As a result of which a sharp change in the diet, erratic eating, overeating, eating hastily, starvation, abuse of alcohol, nicotine, drugs lead to the development of pathological conditions of the stomach, first functional (in the form of an excessive increase or decrease in secretion and changes in its composition) , and then organic, manifested by the development of gastritis, erosive and ulcerative lesions of the mucosa.

The residence time of food in the stomach is of great importance for the subsequent absorption of nutrients in the small intestine, since the stomach is a kind of reservoir in which the food gruel is diluted to the required consistency. The stomach protects the small intestine from an excessive flow of substances that can disrupt its normal functioning and change the composition of the blood. In addition, the stomach regulates the flow of water into the small intestine, preventing blood thinning due to excessive absorption of water in the intestine. Due to the peristaltic contraction of the muscles of the stomach, mechanical processing and displacement of the surface layers of the crushed and chemically processed stomach contents to the entrance to the duodenum occur. Food leaves the stomach after 3.5 - 4.5 hours, so that with 3 - 4 meals a person's stomach is almost or completely empty by the time of the next meal. After leaving the stomach, the food slurry is exposed to the action of enzymes from pancreatic juice, bile and intestinal juice produced by the glands of the duodenum and small intestine. The digestive juice of the pancreas is rich in enzymes that ensure the digestion of proteins, fats and carbohydrates. The enzymatic composition of pancreatic juice "artistically harmonizes" (in the words of I.P. Pavlov) with the quantity and quality of nutrients entering the small intestine. The secretory activity of the pancreas is influenced by the hormones of the pituitary, thyroid, adrenal glands and the cerebral cortex. So, in a person who is in an excited state, there is a decrease in the enzymatic activity of pancreatic juice, and in a state of rest - its increase.

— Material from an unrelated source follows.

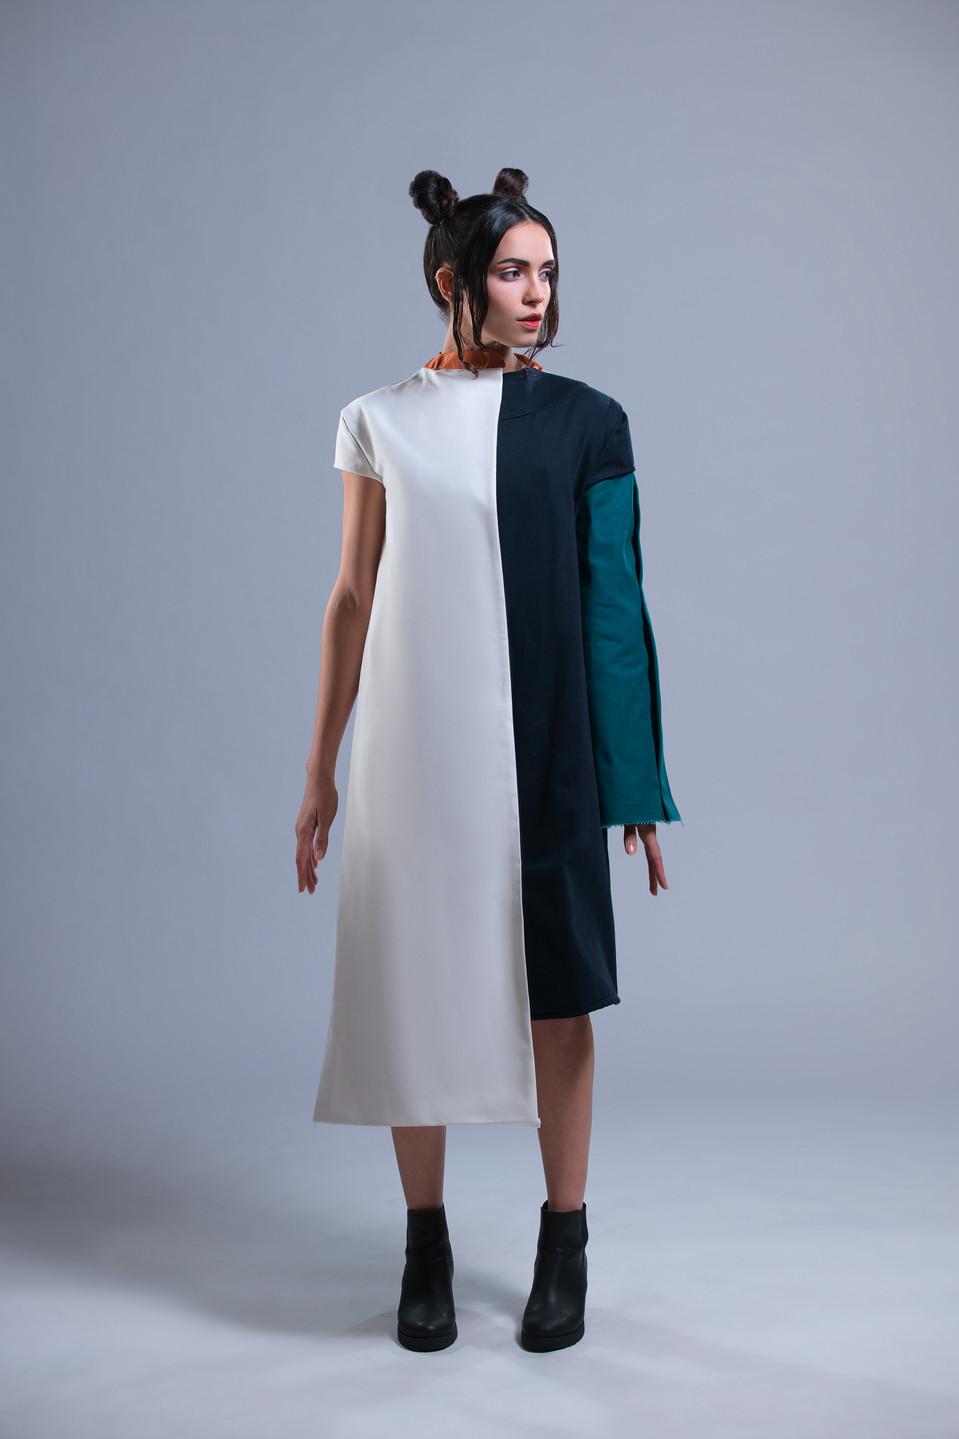 singapore-fashion-designer.jpg

With some diseases of the gastrointestinal tract, chronic stress conditions, when the diet is overloaded with fats, or when the protein content in the diet is insufficient, “artistic harmony” disappears: the ability of the pancreas to secrete juice in accordance with the nutrients entering the small intestine is disturbed.

The liver occupies a very special position among all digestive organs. All the blood coming from the stomach, spleen, pancreas, small and large intestines flows to it through the portal vein. Thus, all substances from the processing of digestion products enter the liver, the main human chemical laboratory, where they undergo even more complex processing, and then pass through the hepatic vein into the inferior vena cava. In the liver, the toxic products of protein breakdown and many medicinal compounds, as well as the waste products of microbes living in the large intestine, are detoxified. The product of the secretory activity of the liver - bile - takes an active part in the process of digestion - emulsifies fats, enhances the action of pancreatic enzymes. Bile plays an important role in the absorption of carotene, vitamins D, E, K and amino acids, increases tone and enhances intestinal motility, and has a depressing effect on the intestinal microbial flora. The liver is involved in almost all types of metabolism: protein, fat, carbohydrate, pigment, water. Cholesterol and some hormones are formed in the liver, phospholipids are synthesized, which are included in the composition of nerve fibers and neurons. The liver is the main site for the formation of glycogen and the site of accumulation of its reserves, thus regulating, together with the pancreas, the concentration of glucose in the blood. Chronic alcohol consumption, uncontrolled intake of drugs has a direct toxic effect on liver cells, as well as metabolic, hormonal, immunological, inflammatory damage in the pancreas and intestines.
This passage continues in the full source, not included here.